ChatGPT changed the stakes, then o1 changed the power balance
After ChatGPT’s success, Microsoft poured in another $10 billion in 2023 and tightened the relationship around Azure. But the real turning point, Theo says, was September 2024, when OpenAI launched o1: a reasoning model that leapt to the 89th percentile in competitive programming and top-500 USAMO qualifier performance, making GPT-4o look miles behind.

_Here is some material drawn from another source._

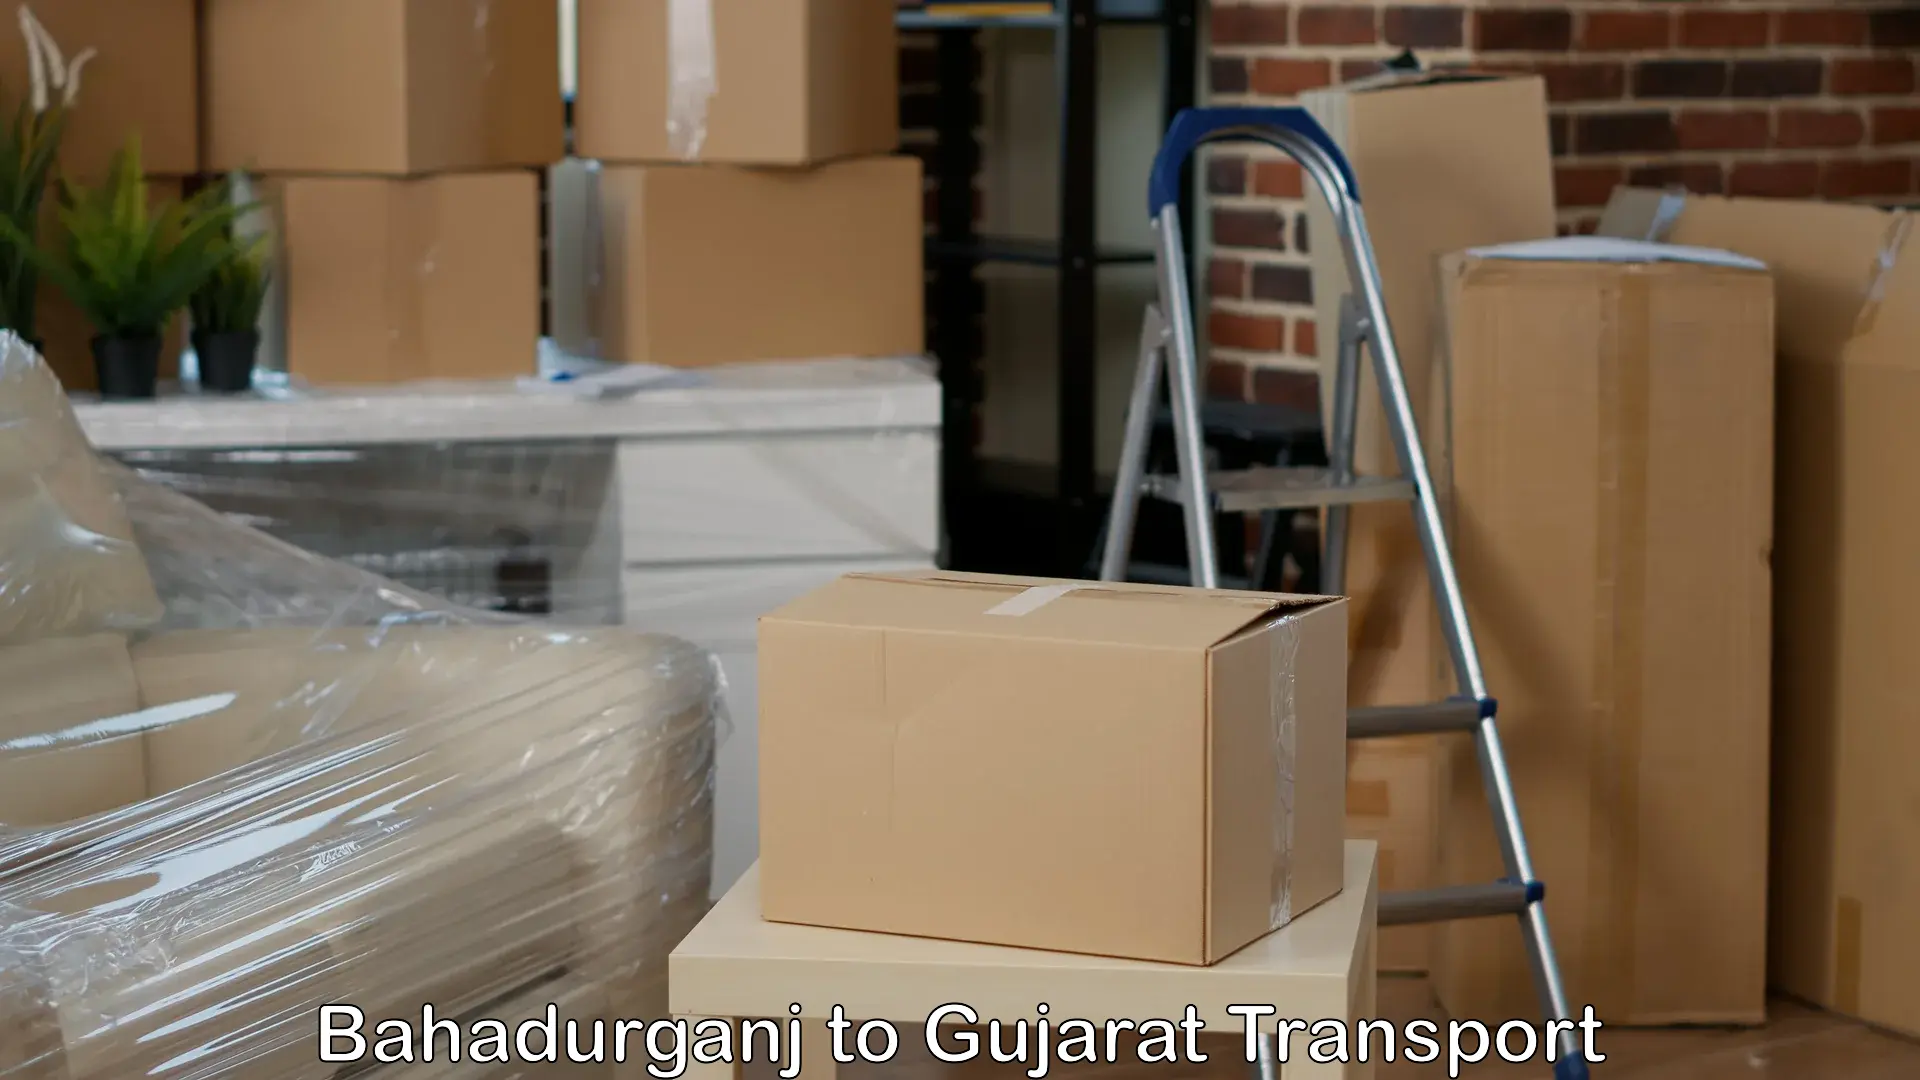 Air freight transport services Bahadurganj to Kutiyana

The o1 fight: Microsoft wanted the recipe, OpenAI stopped sharing
Theo says the bromance cracked when Microsoft wanted to know how o1’s reasoning worked and OpenAI allegedly refused to hand over the details. He cites reporting that Sam Schillace got angry on a call because OpenAI wasn’t delivering new technology quickly enough, and Theo’s read is simple: Microsoft thought it had paid for access to the breakthrough, while OpenAI saw reasoning as too strategically important to give away.

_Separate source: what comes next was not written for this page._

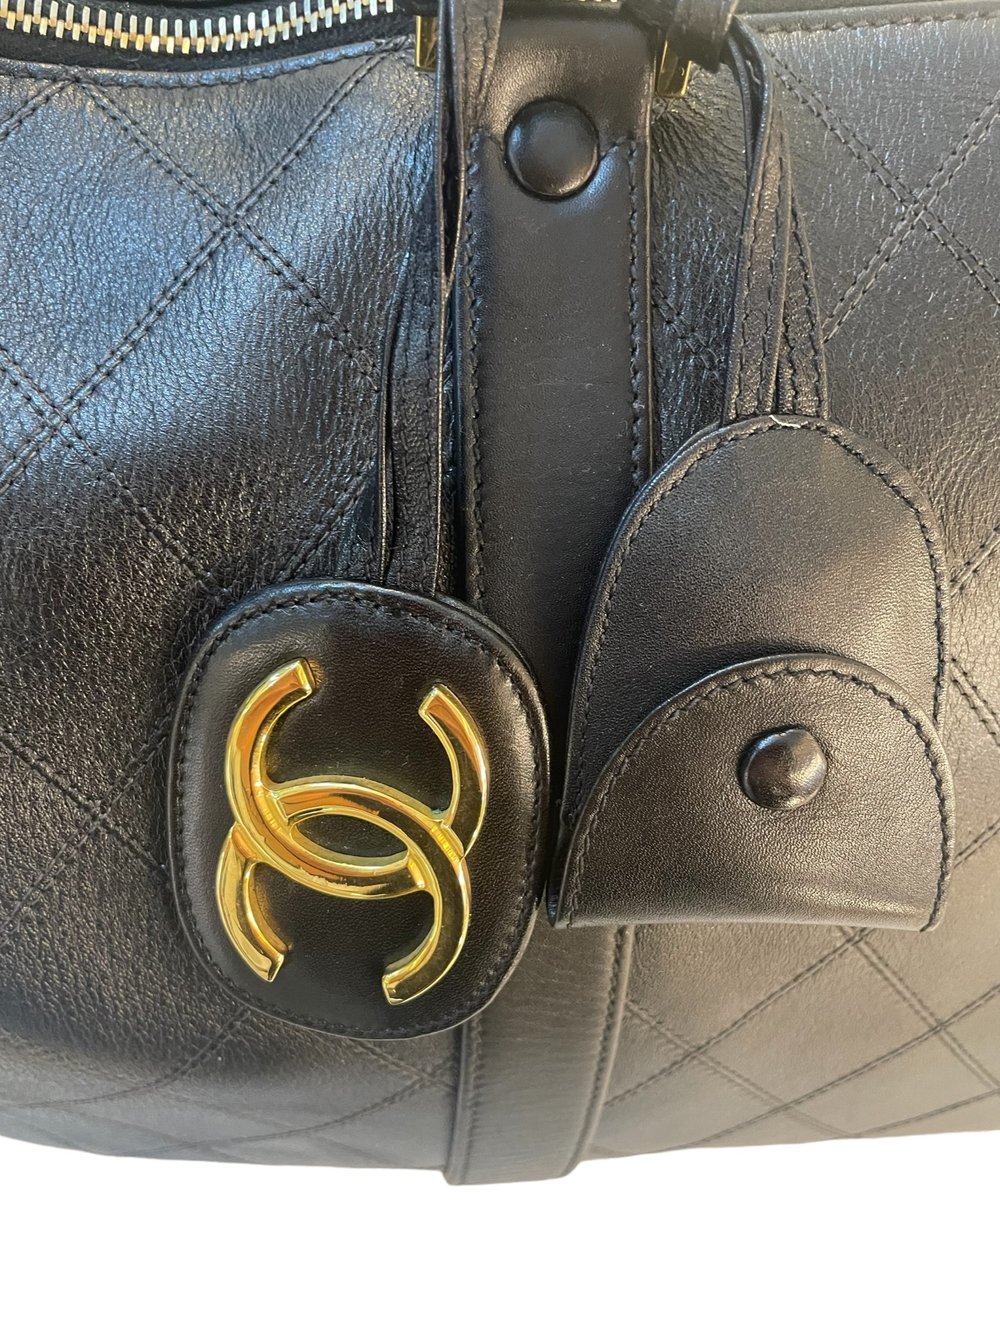 Chanel Vintage Speedy Bag - For Sale on 1stDibs

The renegotiations rewired the deal and quietly killed the AGI trap
By 2025, the two sides had already amended things so AGI declarations would need an independent expert panel and Microsoft’s rights stretched to 2032. Then in 2026, the language softened even more: Microsoft is now OpenAI’s primary cloud, not exclusive; OpenAI can serve customers across any cloud; and Microsoft’s IP license is explicitly non-exclusive, which Theo basically reads as Sam Altman out-negotiating them.
Why Anthropic and Bedrock spooked OpenAI
Theo’s most interesting argument is that OpenAI wasn’t just escaping Microsoft — it was reacting to Anthropic’s enterprise momentum on AWS. He says many enterprises buy Claude through Bedrock because they already live on AWS, and even if OpenAI models may be stronger in many coding tasks, being Azure-only made them much harder to adopt inside real companies.
The weird economics of cloud credits and why Anthropic’s deals feel different
He goes on a tangent that feels very CEO-brain and very useful: startups can get $100,000 from AWS, $350,000 from Google Cloud, and even $500,000 to $1 million from Azure in credits. But Theo says he hasn’t been able to use those credits for Anthropic models, which he takes as evidence that Anthropic negotiated brutal revenue-share terms with cloud providers, making those credits too expensive for the clouds to subsidize.
Theo’s Azure rant becomes the punchline — and then a partial redemption arc
The video peaks when he turns his own T3 Chat infrastructure pain into evidence: he says Azure-hosted OpenAI models had unacceptable latency and throughput swings for over a year, sometimes dropping to 2 tokens/sec, so badly that he refused to spend even a $1 million Azure credit. Then future-Theo jumps in with the update: after he published a public benchmark and got pressured to delete it, Microsoft fixed the issue within a day, turning a pure crash-out into a weirdly satisfying win.
Amazon’s payoff: OpenAI finally gets to meet enterprises where they are
The final section ties it together with the new AWS partnership: Bedrock distribution, a stateful runtime environment, 2 gigawatts of Trainium capacity, and a massive long-term compute expansion. Theo thinks the next war may be less OpenAI vs Anthropic vs Gemini and more cloud-and-chip ecosystems — Nvidia, Google TPUs, AWS Trainium, maybe AMD if it can hang on.